“I can’t even reach my toes” is an exasperated statement I hear commonly in both my chiropractic clinic and yoga classes from both men and women. I interpret this statement to mean, “I want to, but I have limitations.”

Sometimes, it is said in the context of genuine interest, “Look how inflexible I am. Should I try yoga ?” Other times it is a more hopeless declaration and less of an inquiry: “I’ve stopped caring and my toes are unimportant, so why even try.” It seems most of these statements come from the idea that as a chiropractor and yoga teacher I think toe touching has significant merit. And I agree. It does. However, I do not place value on being able to touch your toes or how much you do or don’t do yoga as a means to hamstring flexibility.

I place value on prevention and conditioning and toe touching becomes a great measure with regards to lower back health. Touching your toes is a great goal but an even better goal is the journey to your toes. There is some good stuff that happens to your body on your way down there. There is even better stuff that comes with making your toes a priority.
Toe touch, forward bending is one of the most common motion patterns of the human body. It is mostly the unconscious action of how we pick up things we drop on the floor and similar to the motion of sitting to tie your shoes. Mostly unconscious, unless you are suffering from back pain, and then, even the smallest of bends becomes painful. If you are doing a lot of unconscious bending it increases the potential for repetitive wear and tear and/or injury. If you work at developing a conscious and safe bend you reduce the chances of injury and early degeneration. The goal is not to touch your toes as much as to move in the direction of your toes with good body mechanics.

Bend over. Check it out. From my perspective this one motion tells me about your back, your legs, your core strength and your center of gravity. Not to mention, your level of comfort or anxiety while folded in a standing ball. Unlike the inner voices of the bender, I am not judging if your hands barely reach your knees or if you can touch your elbows to the floor. One is not better than the other. Too flexible is not better than inflexible. How far you bend is not as important as how you bend. What matters is if you can touch your toes but not at the expense of your lower back, hamstring muscles or other body parts.
When I watch someone bend forward I am looking to see, how far they bend in order to see if they are supporting or hanging on their frame.

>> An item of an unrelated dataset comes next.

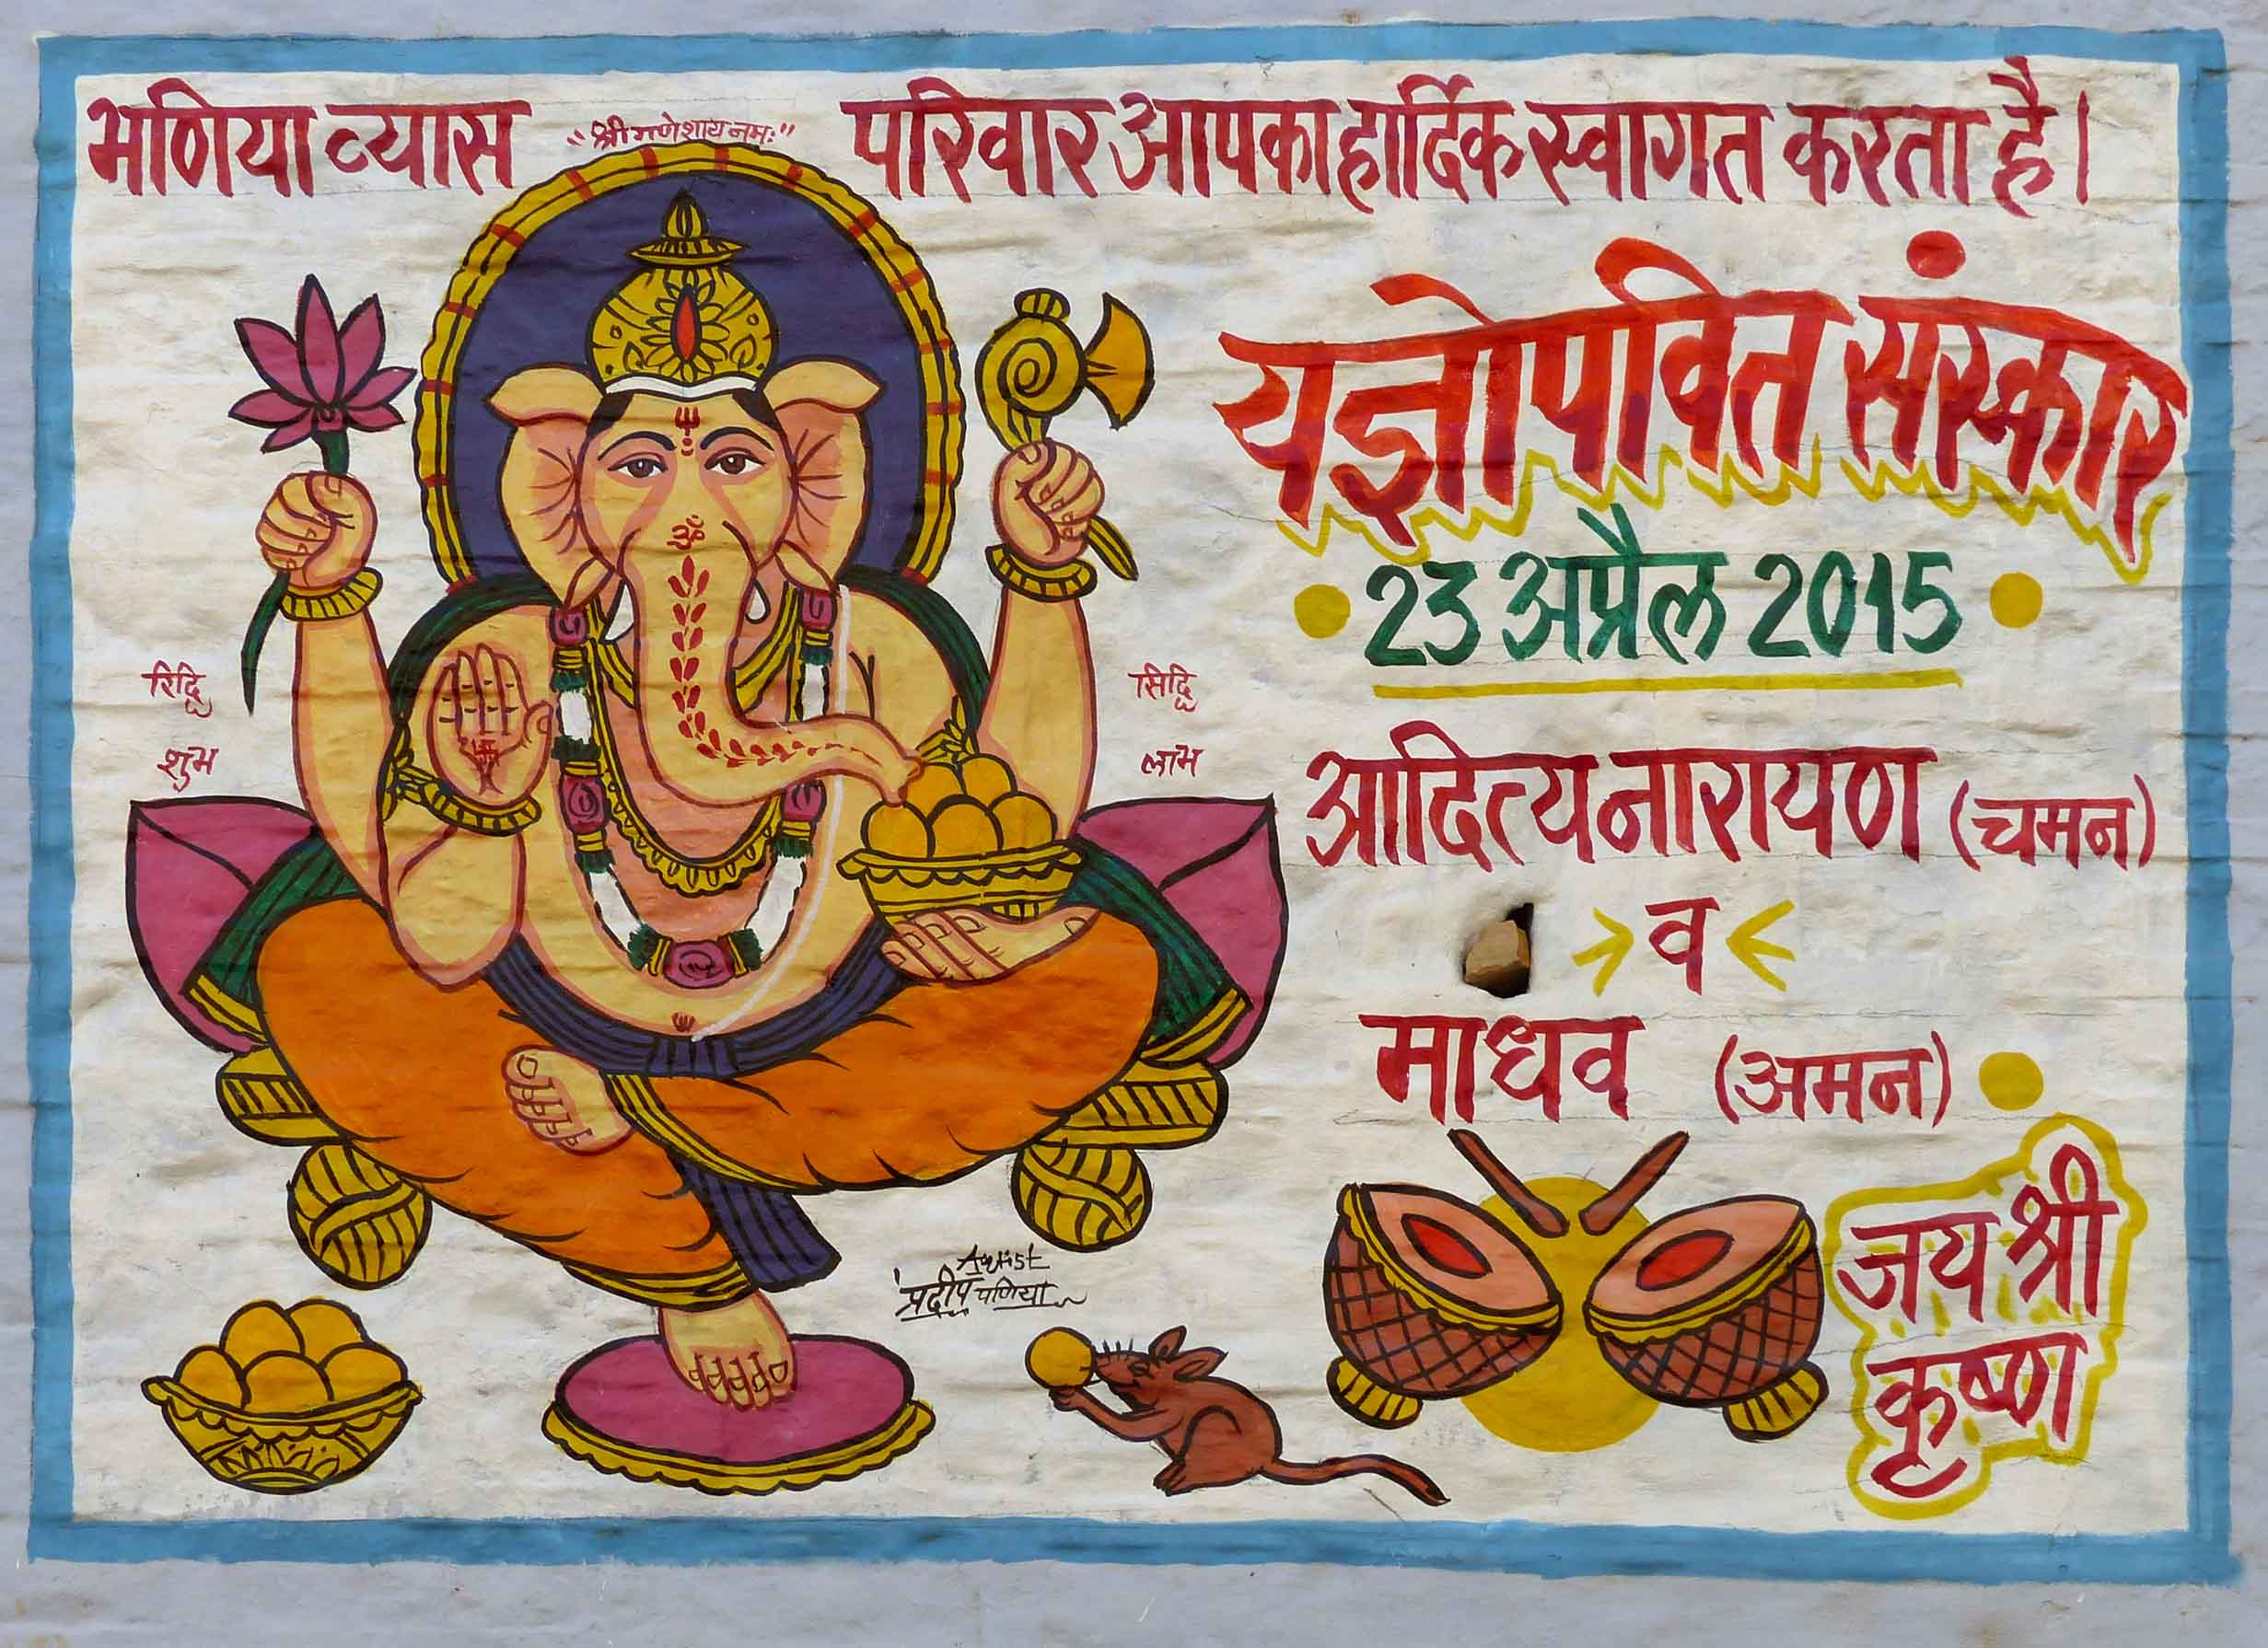 Painting of elephant headed god and Hindu writing

I look to see if their lower back arches outward (flexion) instead of staying in a neutral spine position which protects the muscles and discs. I am looking to see if their hamstrings are too tight, which limits the motion of the pelvis and lower back. I am looking to see if their belly or breasts are in the way of their bend and how that may create too much of an arch in the lower, or mid-back or strain on the shoulders or neck. I look to see where the center of gravity is distributed and if you can maintain balance while hanging upside down. I notice if you remain calm or if you fidget, and keep looking up and around.

The point of forward bending is not to traction your lower back. Most people have strained lower backs from sitting poorly. Slouching on the couch, in your desk chair and in your car are all positions that put remarkable pressure on the muscles and discs of the lumbar spine. To continue to round the lower back while forward bending is not traction, it is just more flexion in an unsupported and weighted position. The way to improve lower back pain and problems is to strengthen the lower back and core muscles and improve sitting postures and pelvic motions. It is also to gain confidence and ease of movement relating to structures and positions involving the lower back. Not only do we need to move safely, we need to trust and know our movement limits.

For the record, let me say that if you can’t touch your toes it’s okay. Let that notion go. In yoga we call this position “utanasana” or standing forward bend. There are many benefits to incorporating this pose into your daily stretching or exercise routine, but for now let’s forget about making it the measure for participation in yoga or exercise in general. Let’s start looking for the good stuff that comes with working on forward bending. Stuff like, moving safely, knowing our limits and gaining confidence and ease of movement relating to the muscles and motions of our lower back. This idea can be translated to the bigger pictures of cleaning the garage, loading and unloading the car, picking flowers, or bending to take the hook out of a fish’s mouth before your kid’s trophy picture. There is usually a forward bend in every day, every weekend. You might as well enjoy it.